→ **TRY IT**
Would you copy the listing below exactly, keeping the pictures out?

→ **STORED DATA**
%%

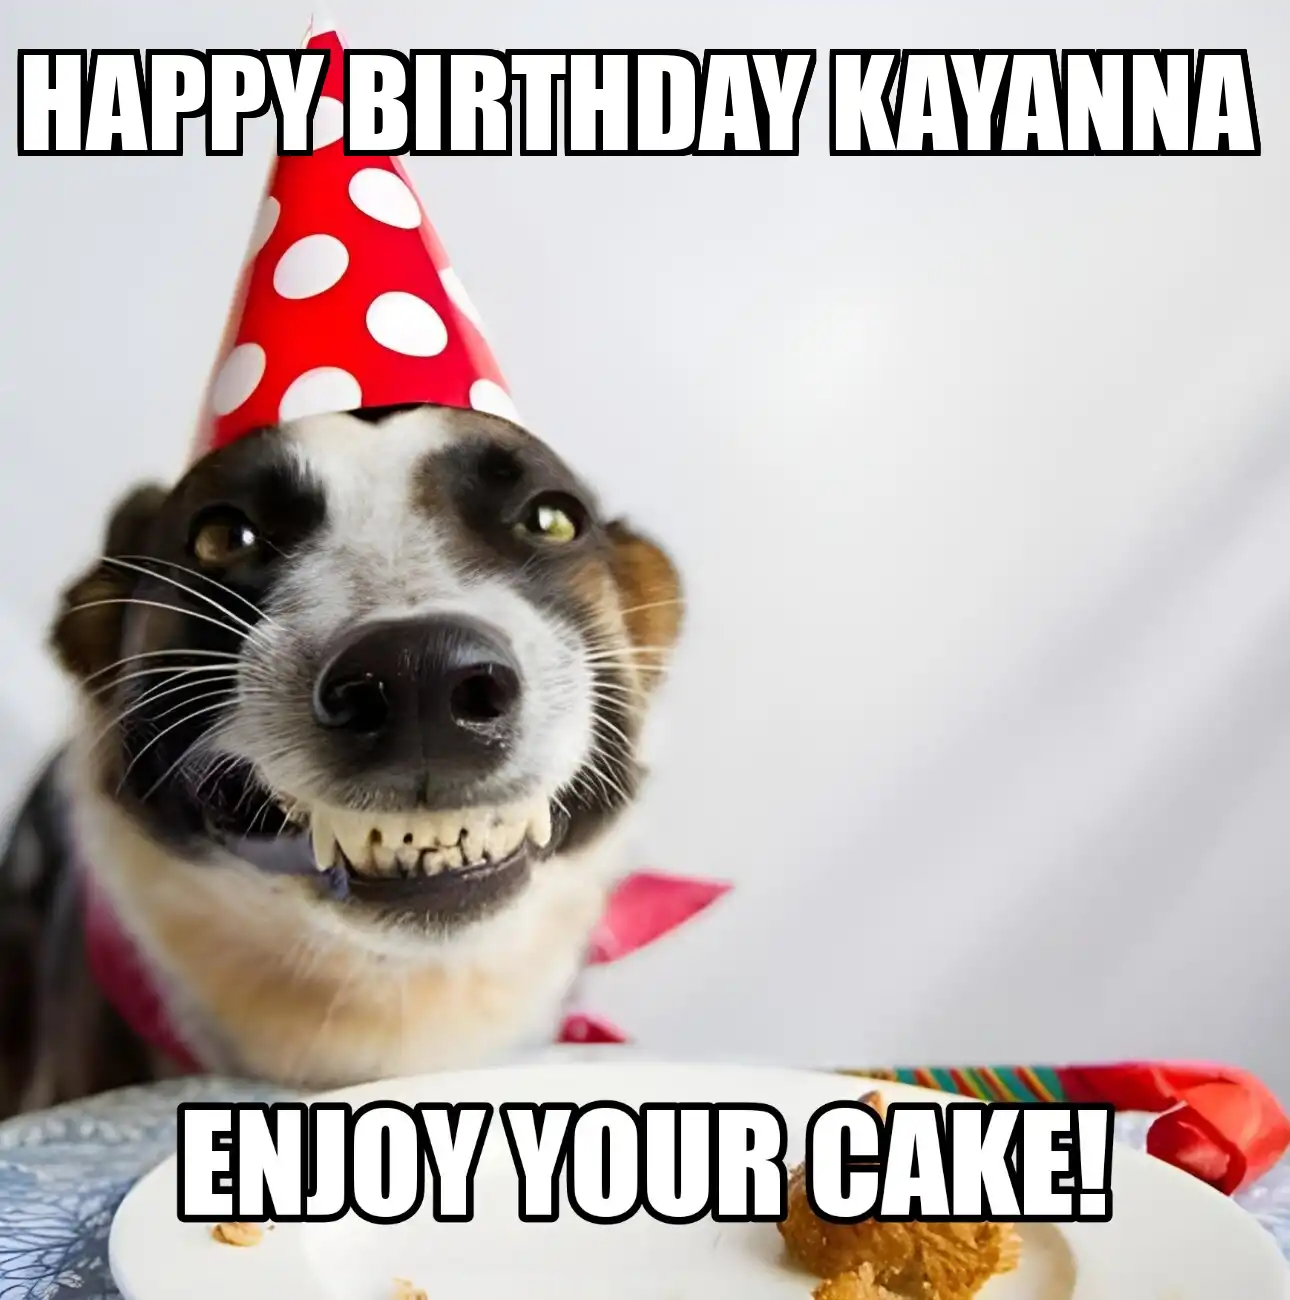 Happy Birthday Kayanna Enjoy Your Cake Dog Meme
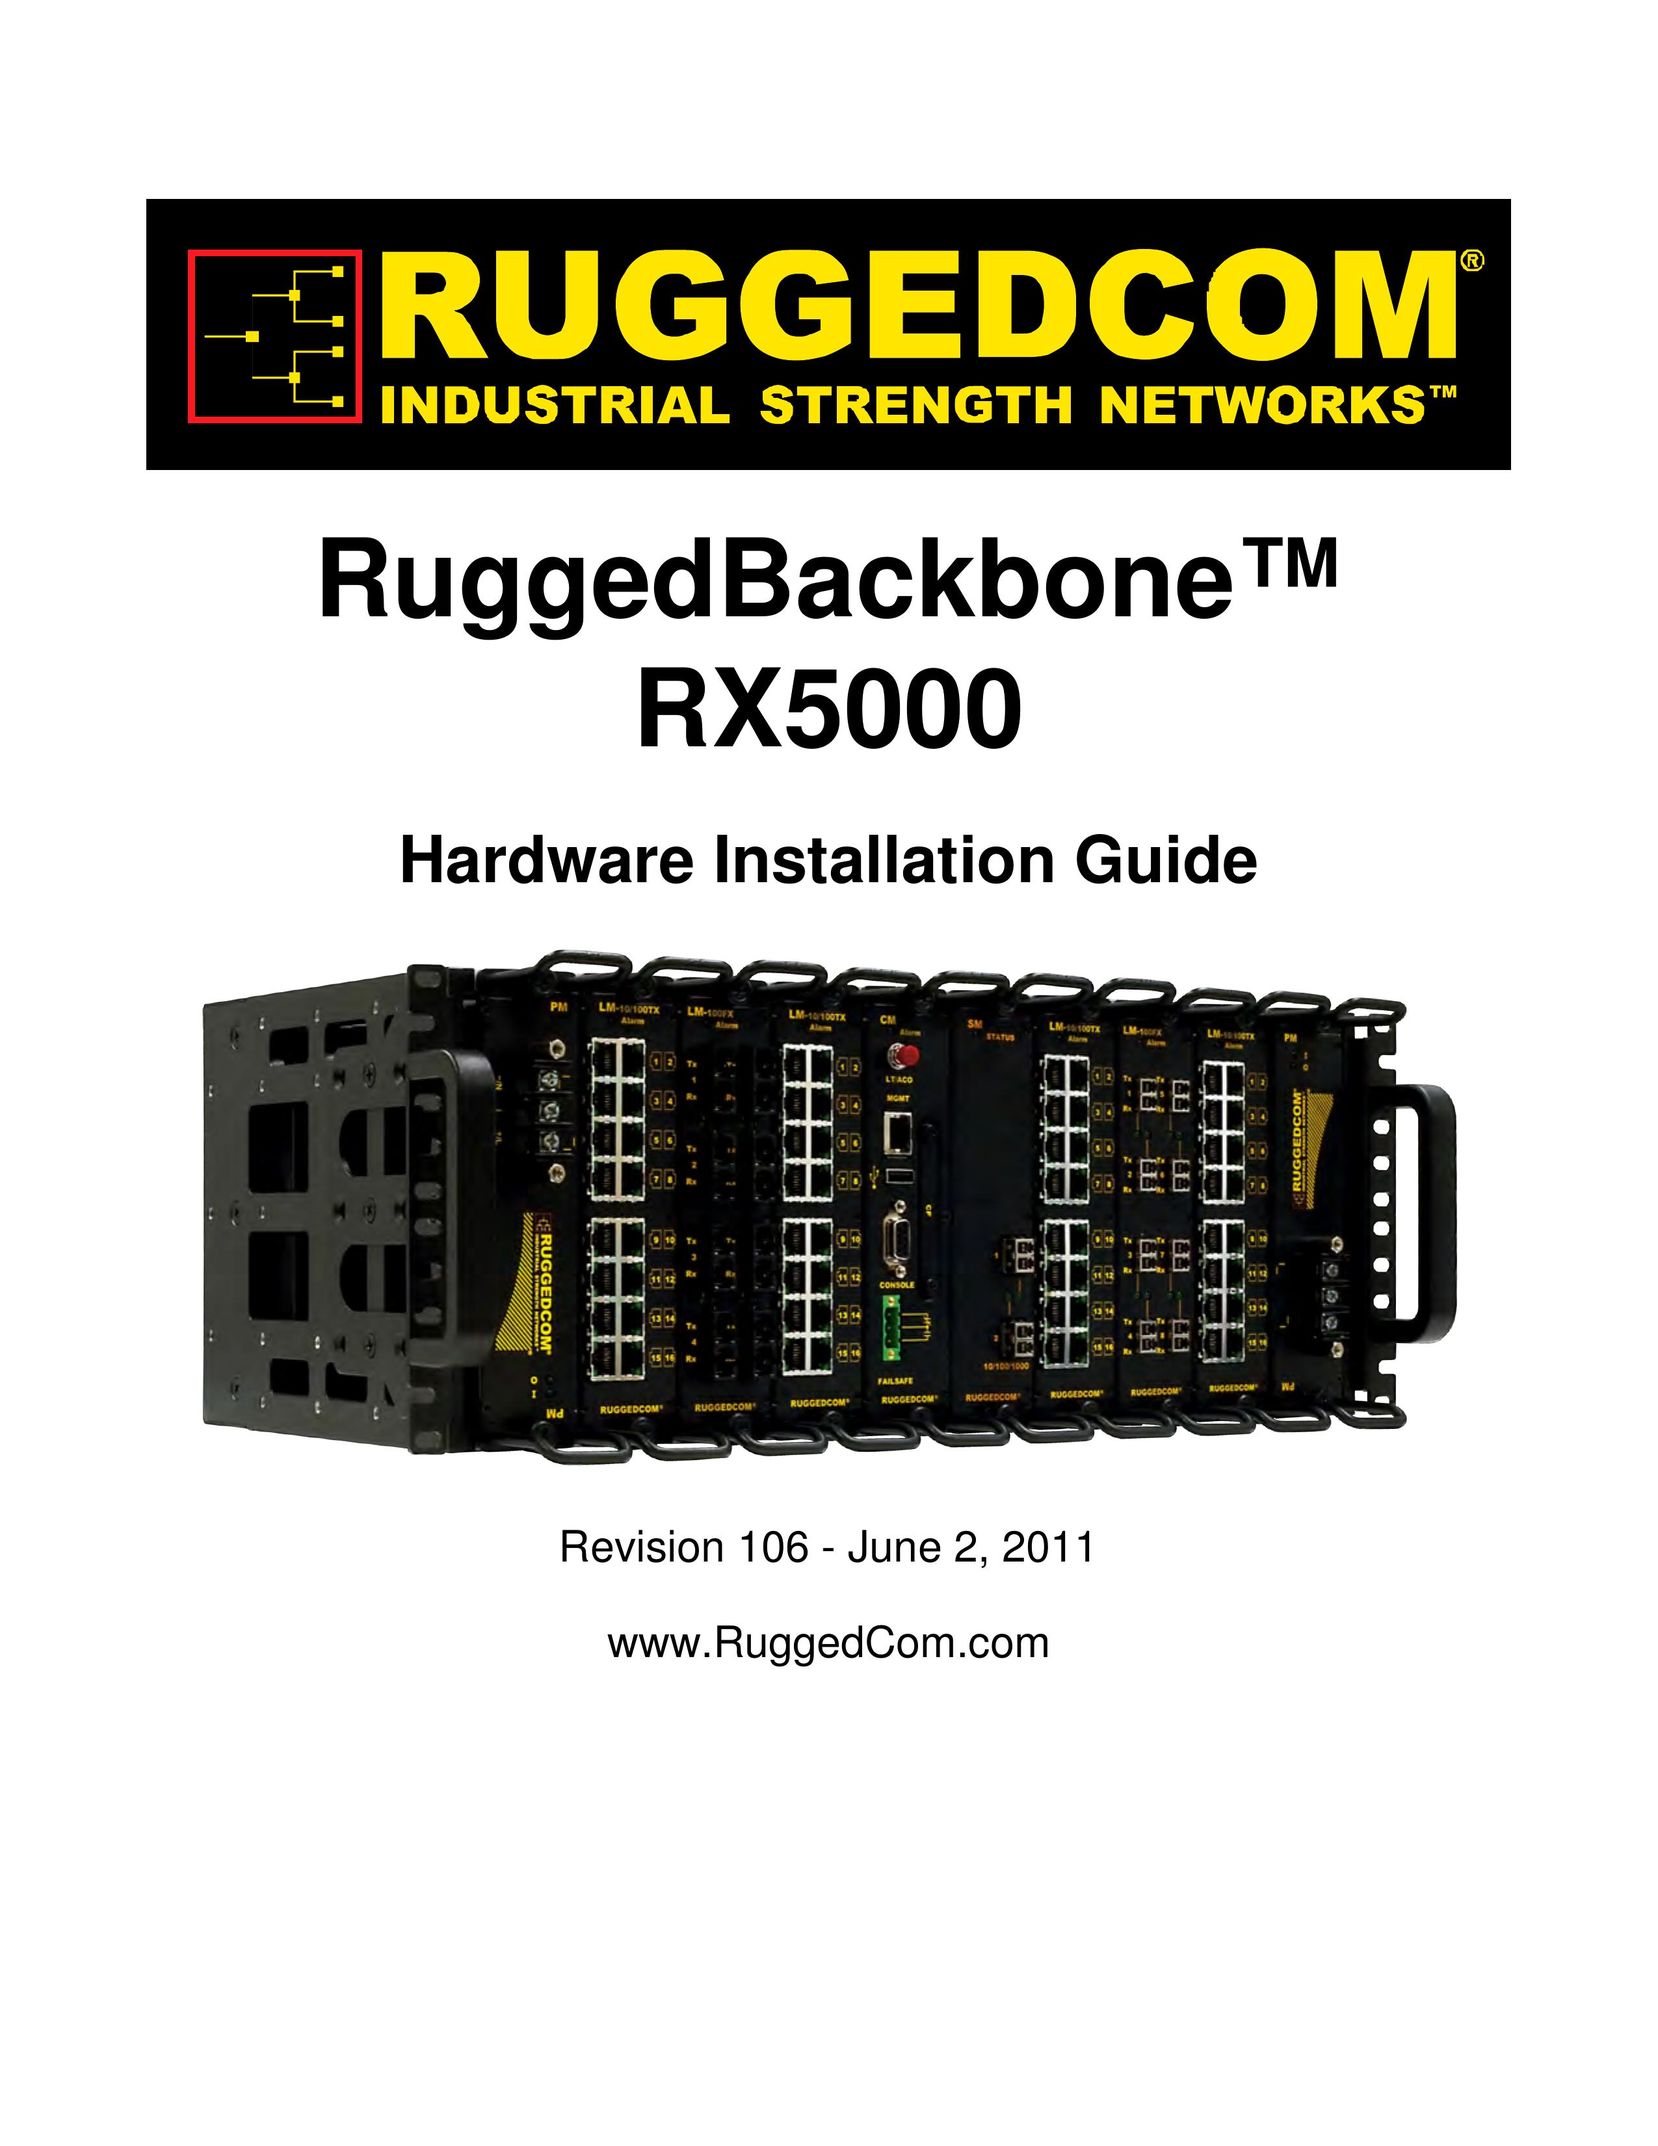 RuggedCom RX5000 Computer Hardware User Manual
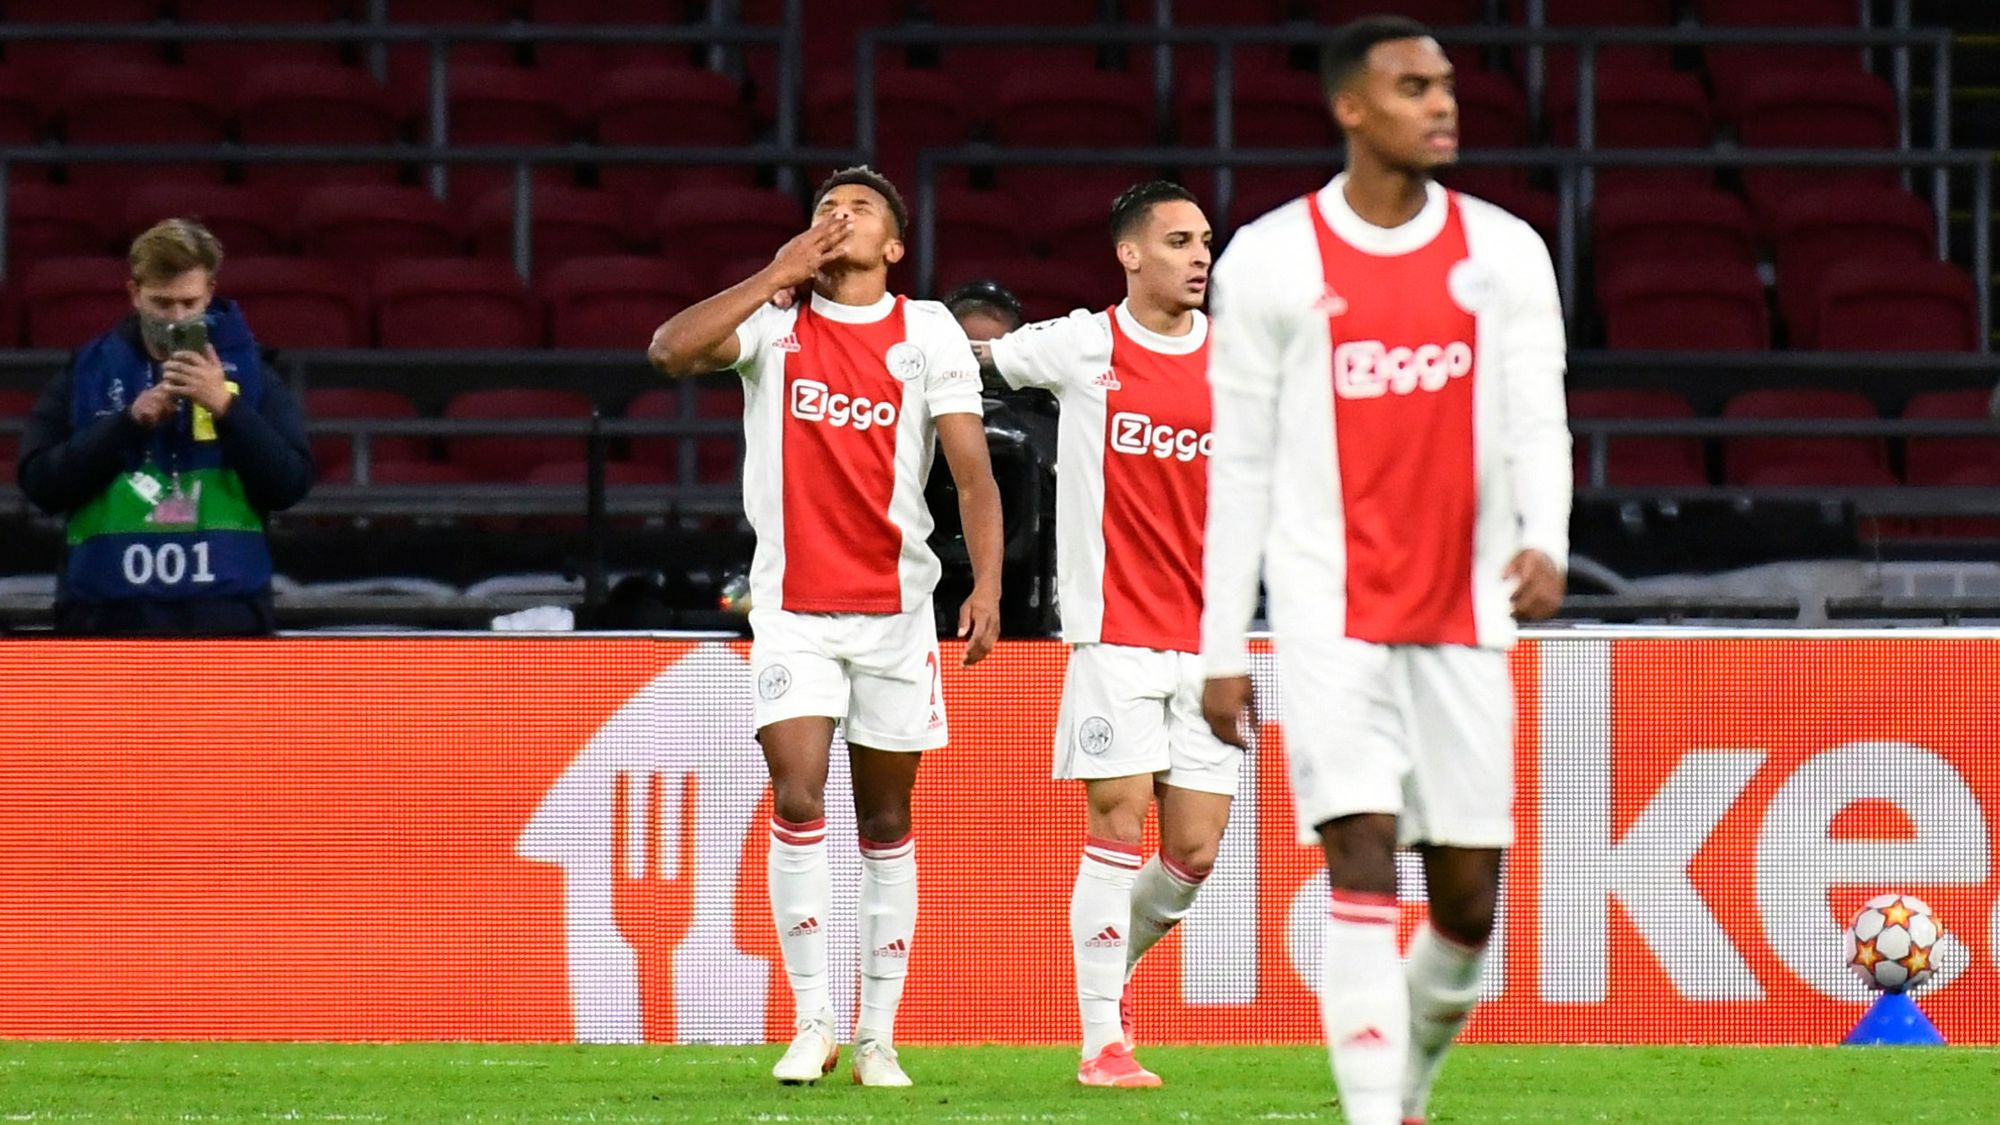 Histórico triunfo de Ajax en la Champions League sobre Sporting
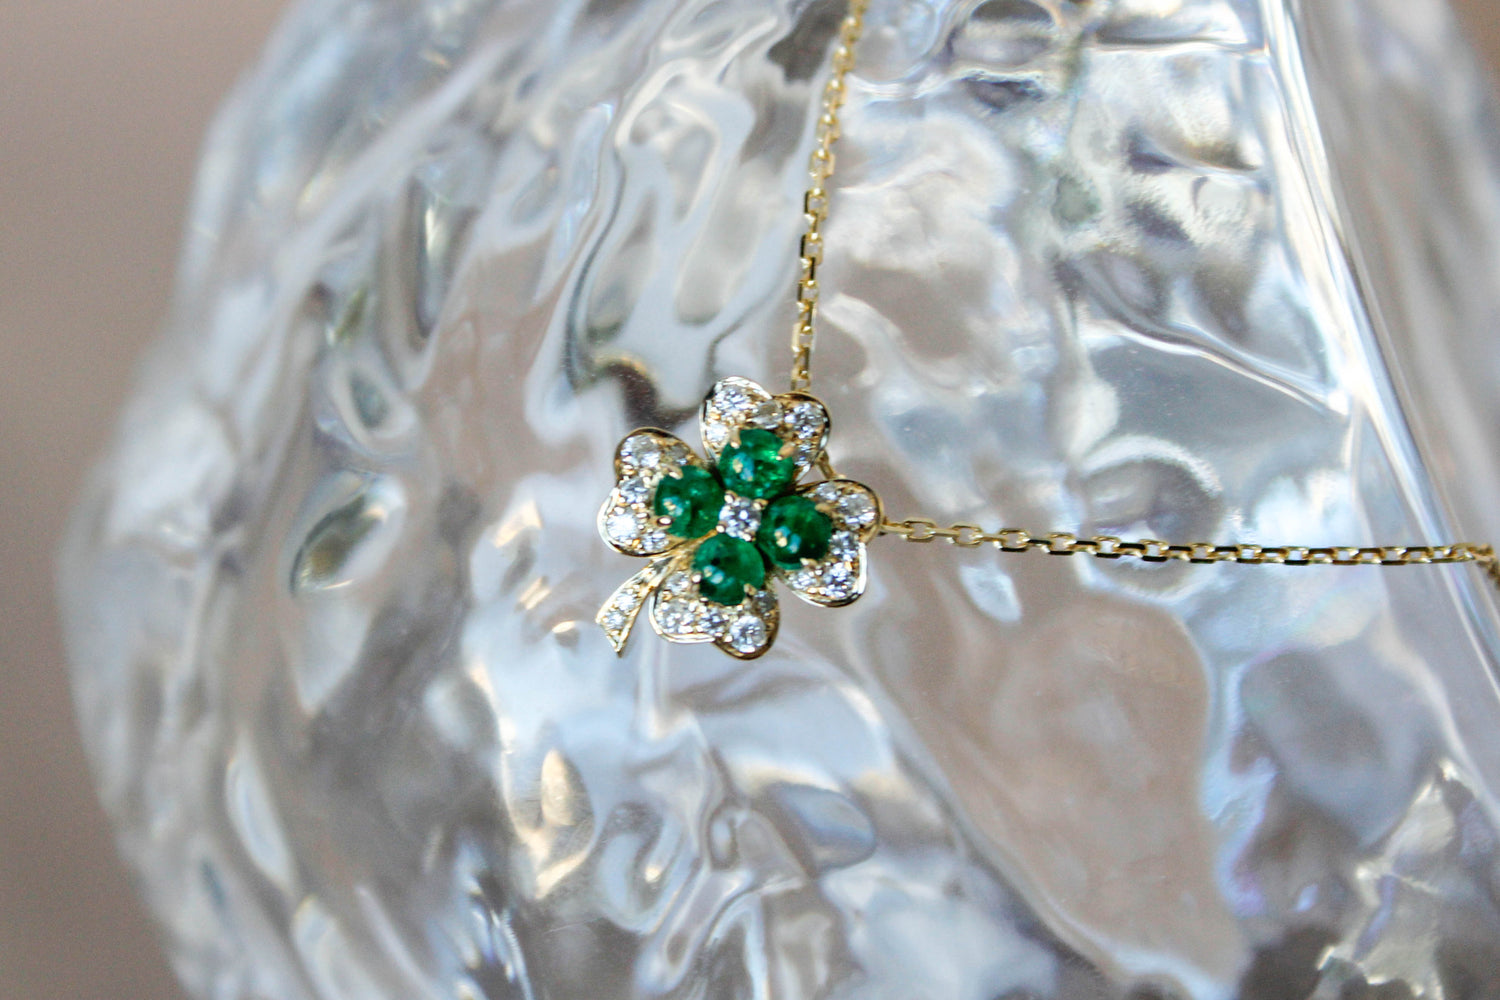 emerlad clover flower necklace 14k gold 18k gold necklace, natural insipred jewelry

%%

→ **EXERCISE ANSWER**
 Happy Birthday Kayanna Enjoy Your Cake Dog Meme
 RuggedCom RX5000 Computer Hardware User Manual
 Histórico triunfo de Ajax en la Champions League sobre Sporting
 emerlad clover flower necklace 14k gold 18k gold necklace, natural insipred jewelry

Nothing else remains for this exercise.